Capital Markets & Securities
As a top capital markets law firm, McMillan works with clients in Canada, the United States and internationally to navigate today’s capital markets challenges. McMillan’s breadth of experience in securities and corporate law allows us to advise businesses ranging from Fortune 500 to fast-growing small and medium-sized enterprises to first movers in emerging markets.
McMillan’s capital markets lawyers can successfully assist clients with respect to any transactions that impact the capital markets for any size of deal, regardless of the complexities from a regulatory or legal perspective. We have ample experience negotiating with all levels of lenders, issuers, institutional shareholders and investment banks, and have fostered relationships with regulatory bodies and exchanges, allowing us to deliver unmatched value to our capital markets clients.
CORPORATE FINANCE
Our corporate finance experience gives our lawyers some of the legal profession’s foremost capabilities in transactional, regulatory requirements, including filing and clearance of offering documents with all of Canada’s provincial securities regulators, as well as the U.S. Securities and Exchange Commission. Our experience covers all aspects of financings, including prospectus financings, private placements and PIPES.
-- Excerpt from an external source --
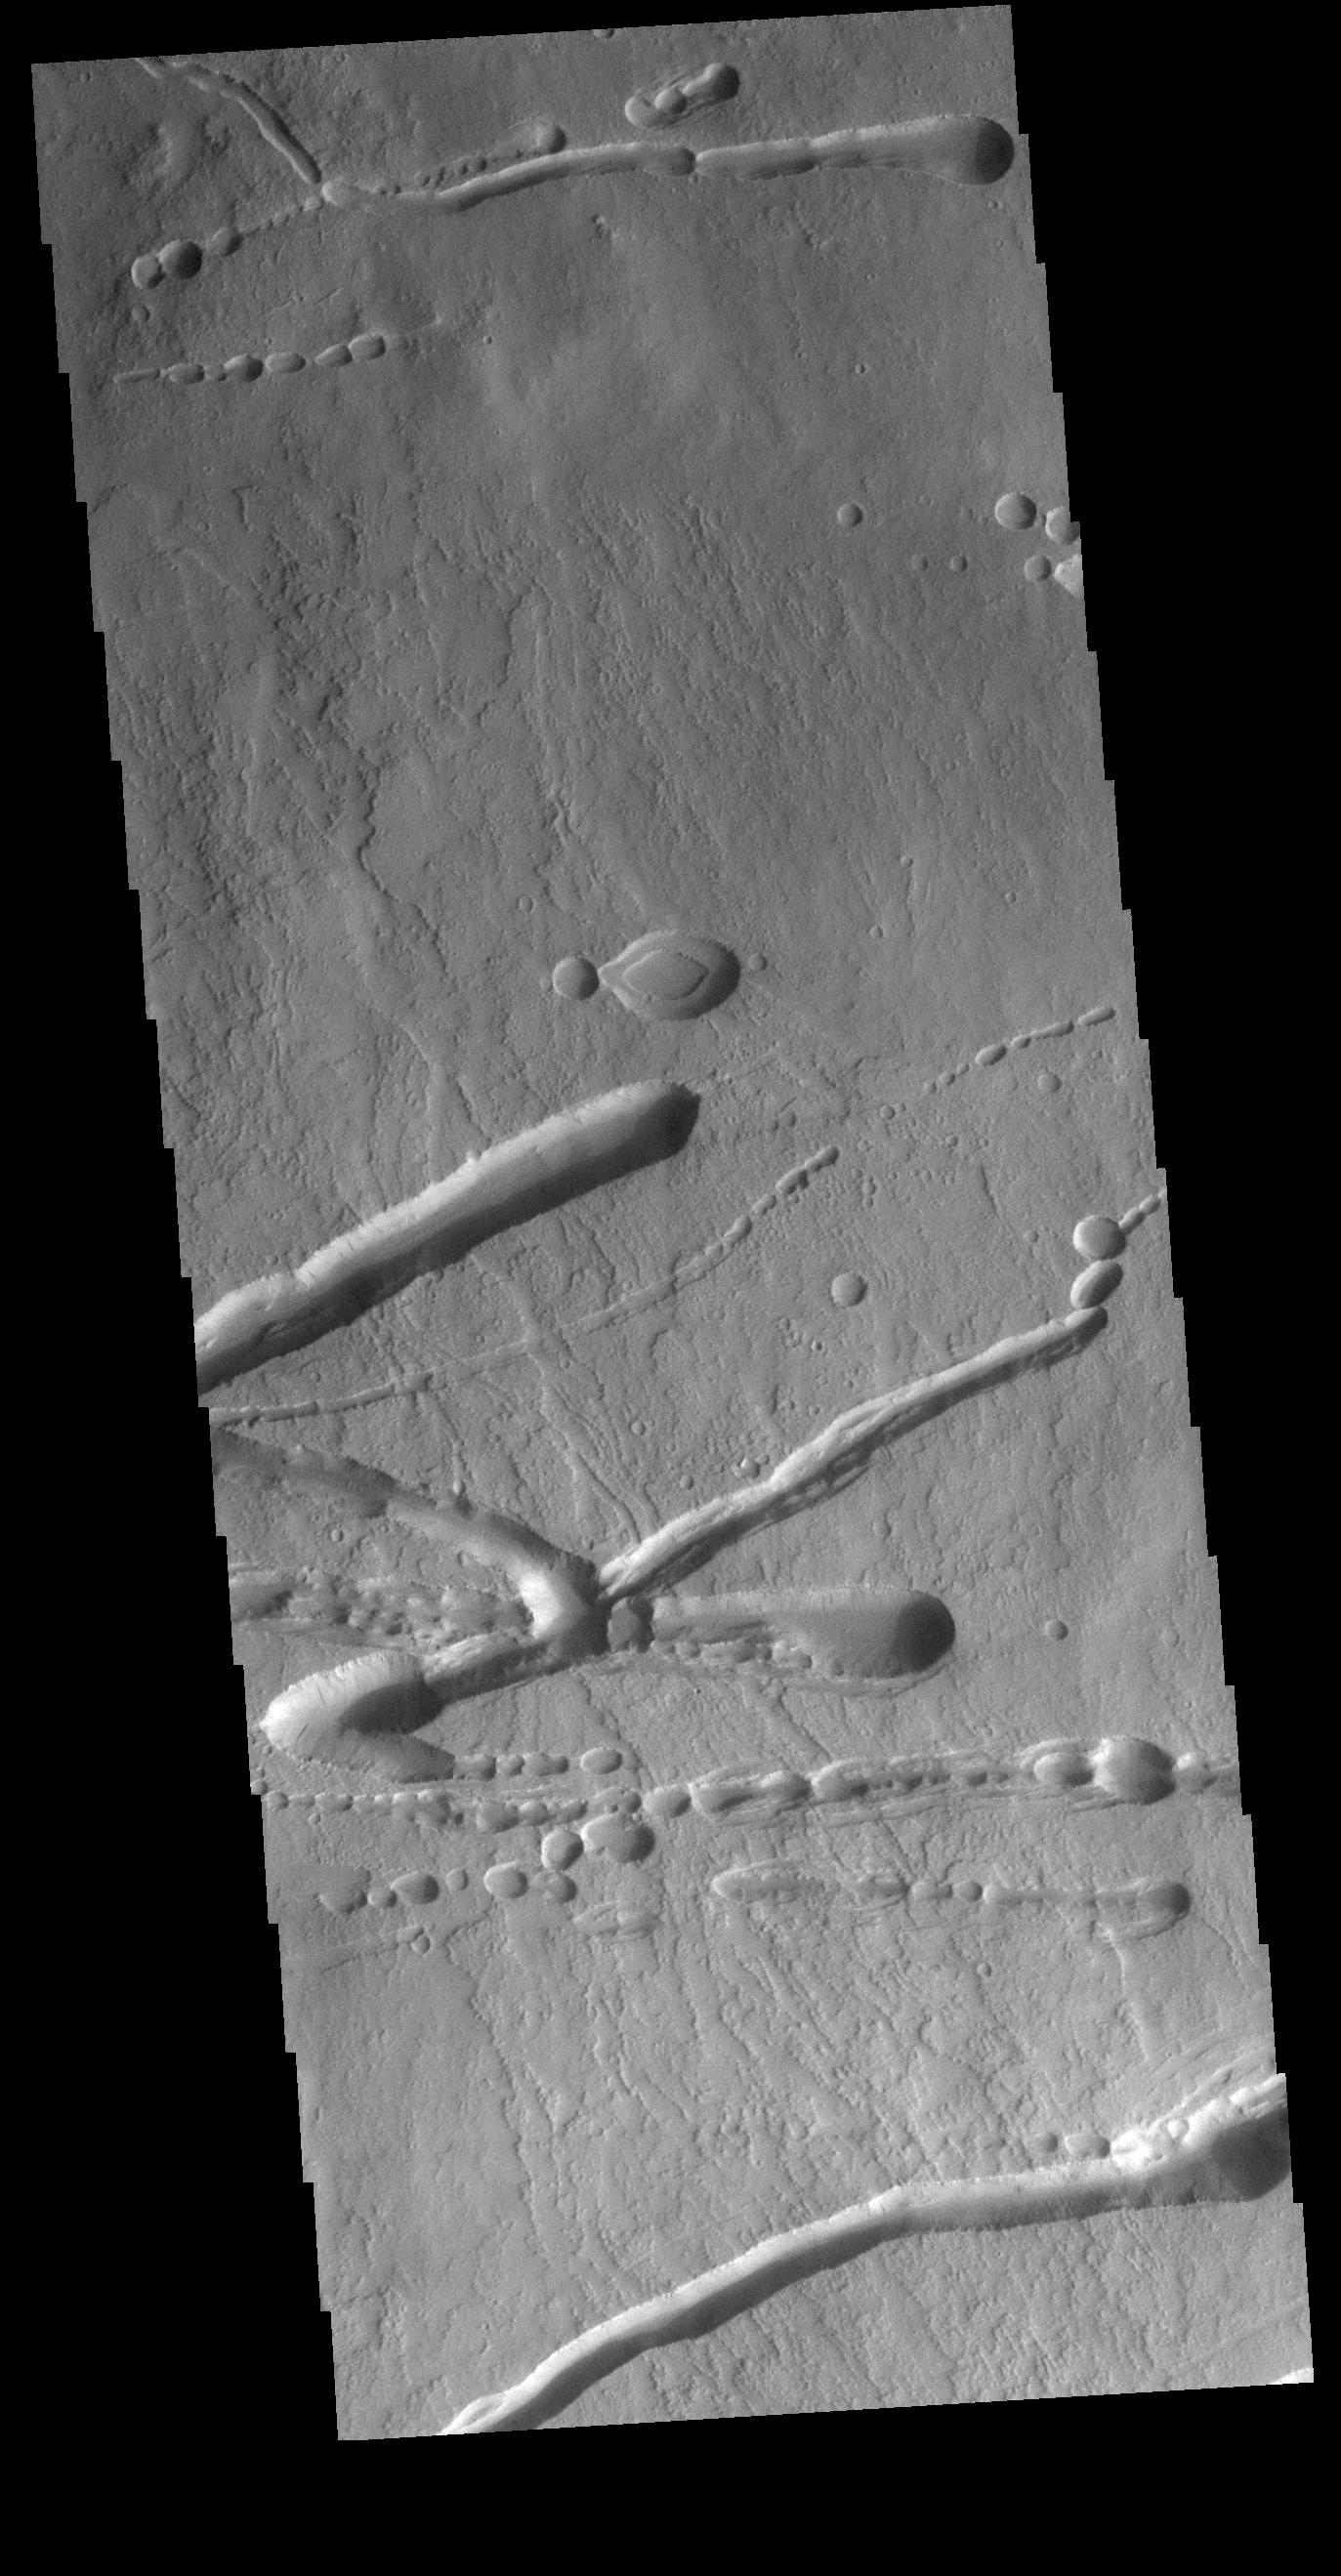 PIA22669: Ascraeus Mons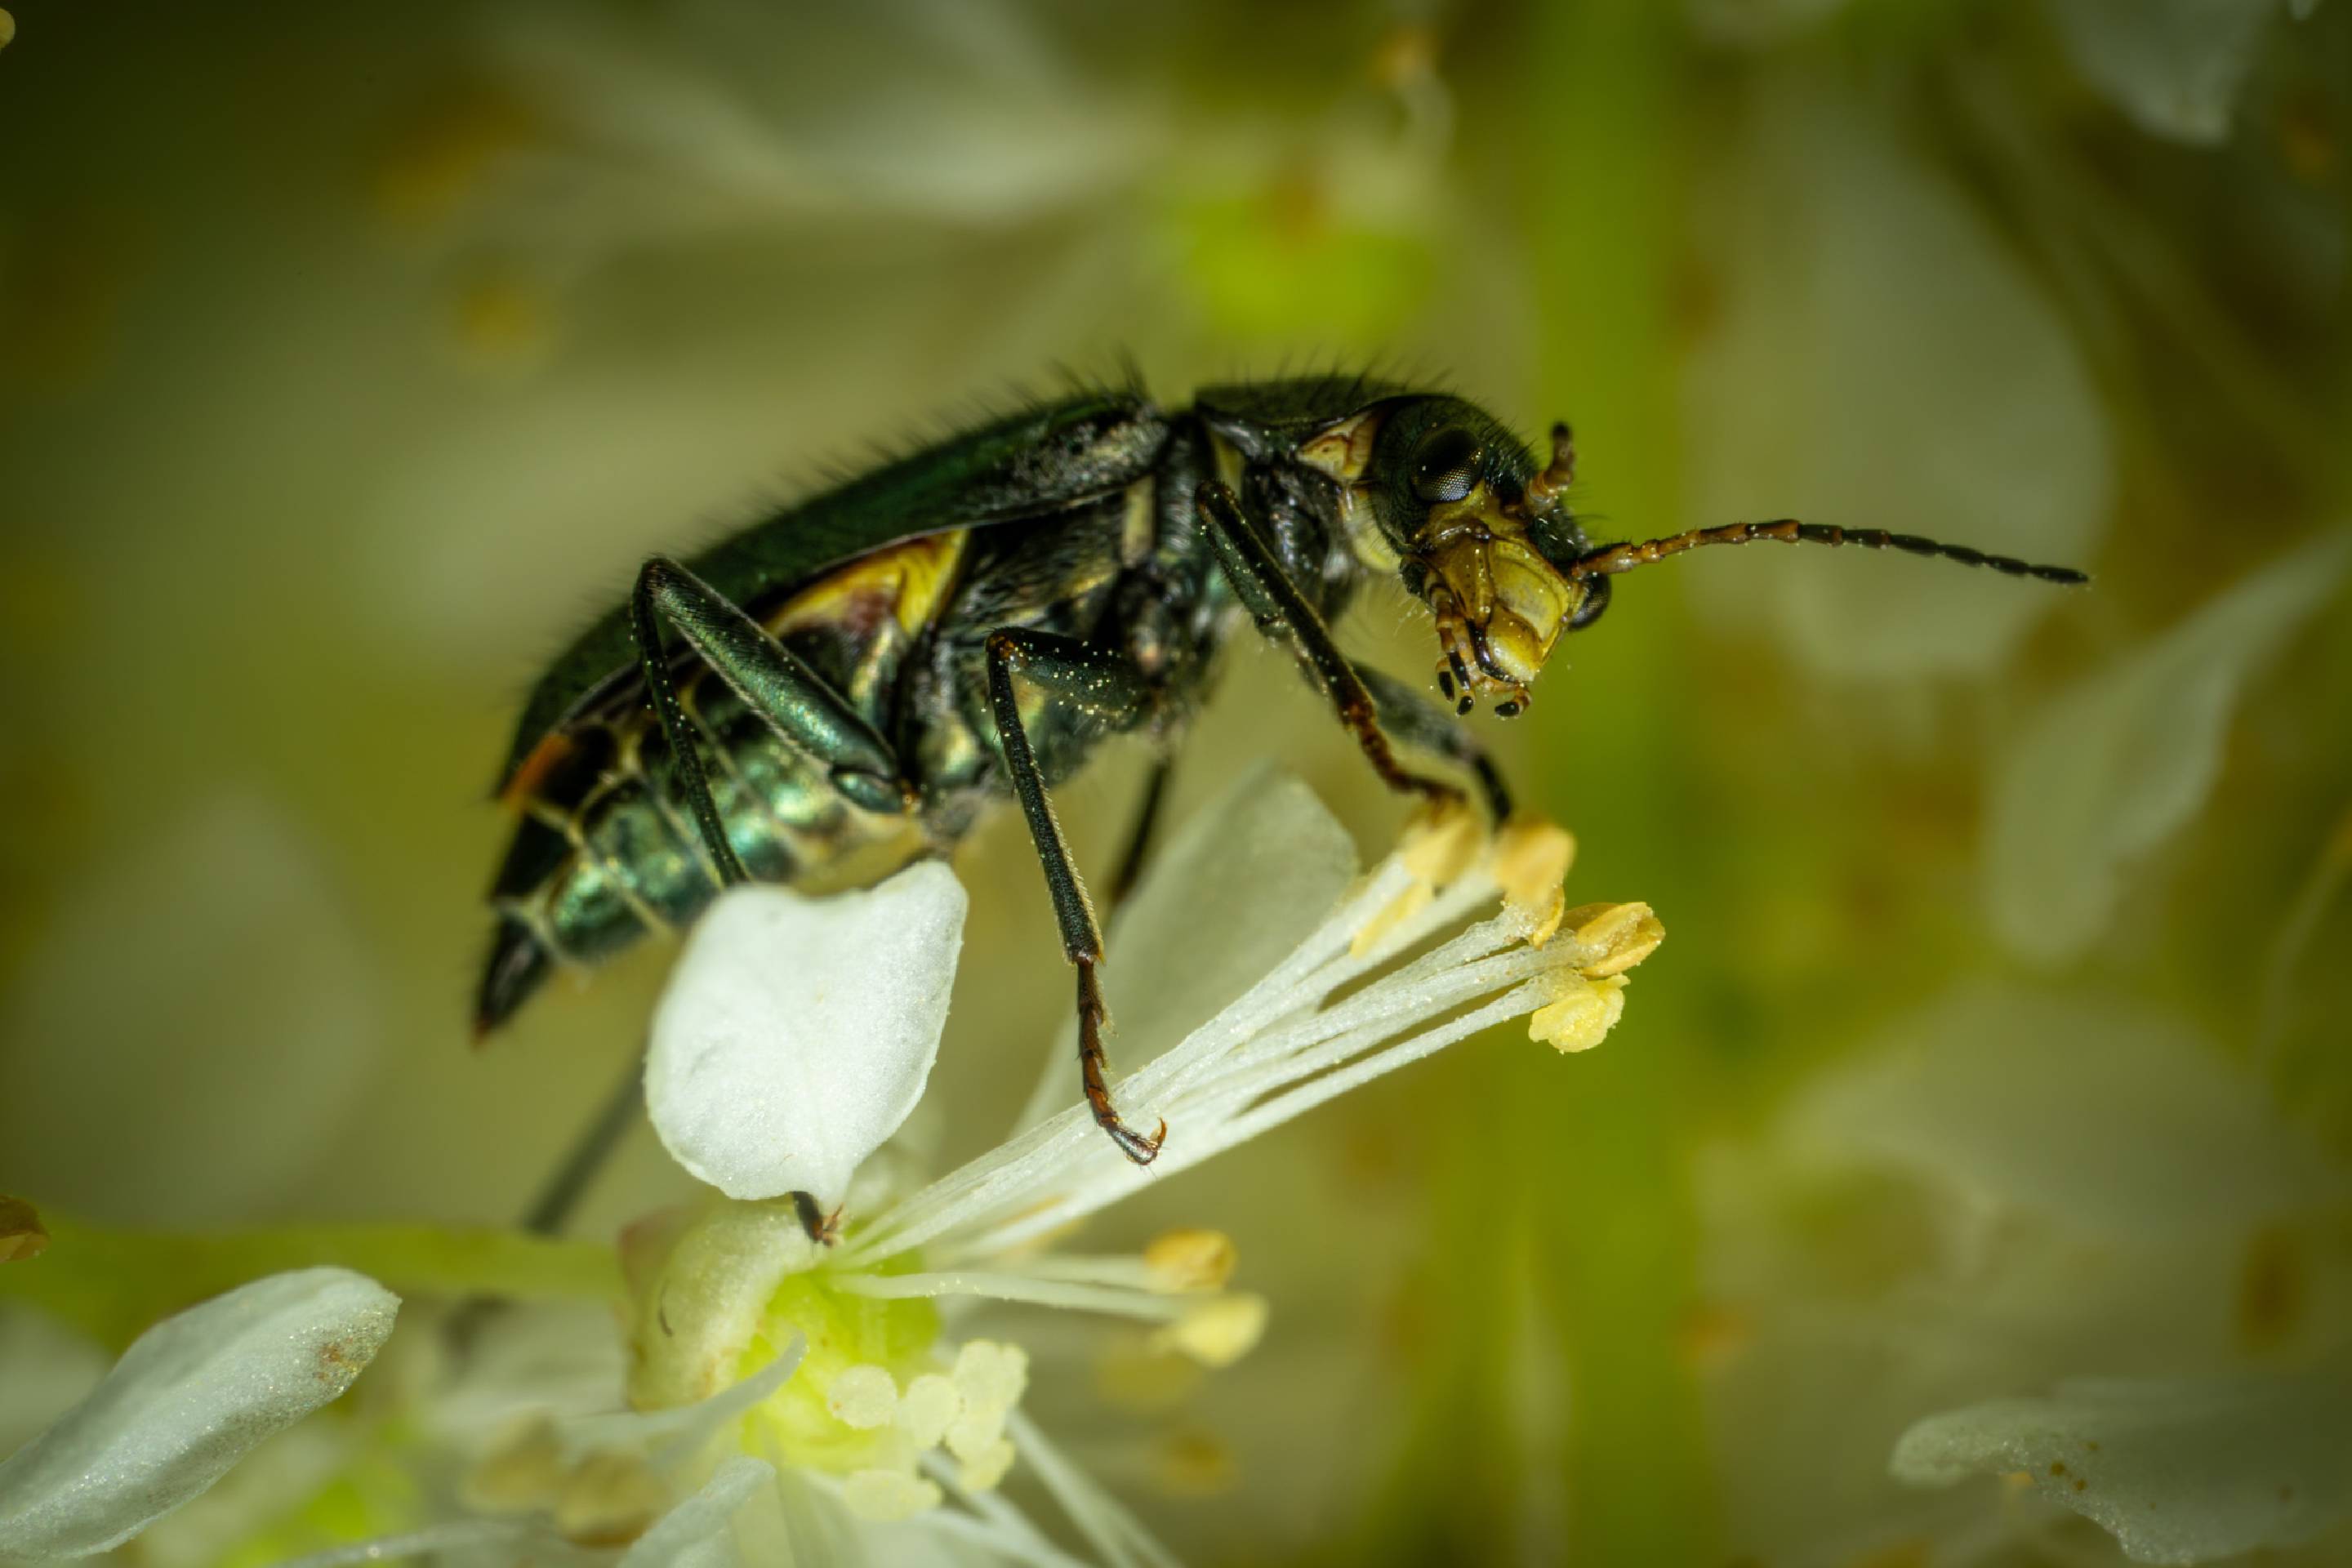 Malachite Beetles

The corporate finance environment is complicated by the array of market participants—from issuers to institutional investors, to underwriters — and the laws and regulations surrounding capital markets transactions get more complex by the day. McMillan’s corporate finance lawyers employ their in-depth knowledge of the laws that govern capital markets to help clients successfully navigate this domain.
IPOs & ALTERNATIVE IPOs
The path to an initial public offering (IPO) is long and extremely complex. Increasing the complexity of the endeavour is the need for many companies to seek listings on multiple exchanges. Companies can also face complexities in pursuing alternative IPOs, such as a reverse takeover or a transaction with a capital pool company. McMillan’s lawyers specializing in capital markets leverage their knowledge and experience navigating securities law to help clients assess opportunity versus risk when choosing between an IPO or alternative IPO. We are well-versed in the listing requirements and processes of the Toronto Stock Exchange (TSX), the TSX Venture Exchange (TSX-V), the NOE Exchange (NEO), the Canadian Securities Exchange (CSE), as well as key stock exchanges and trading platforms in the United States, Europe, Latin America and Asia.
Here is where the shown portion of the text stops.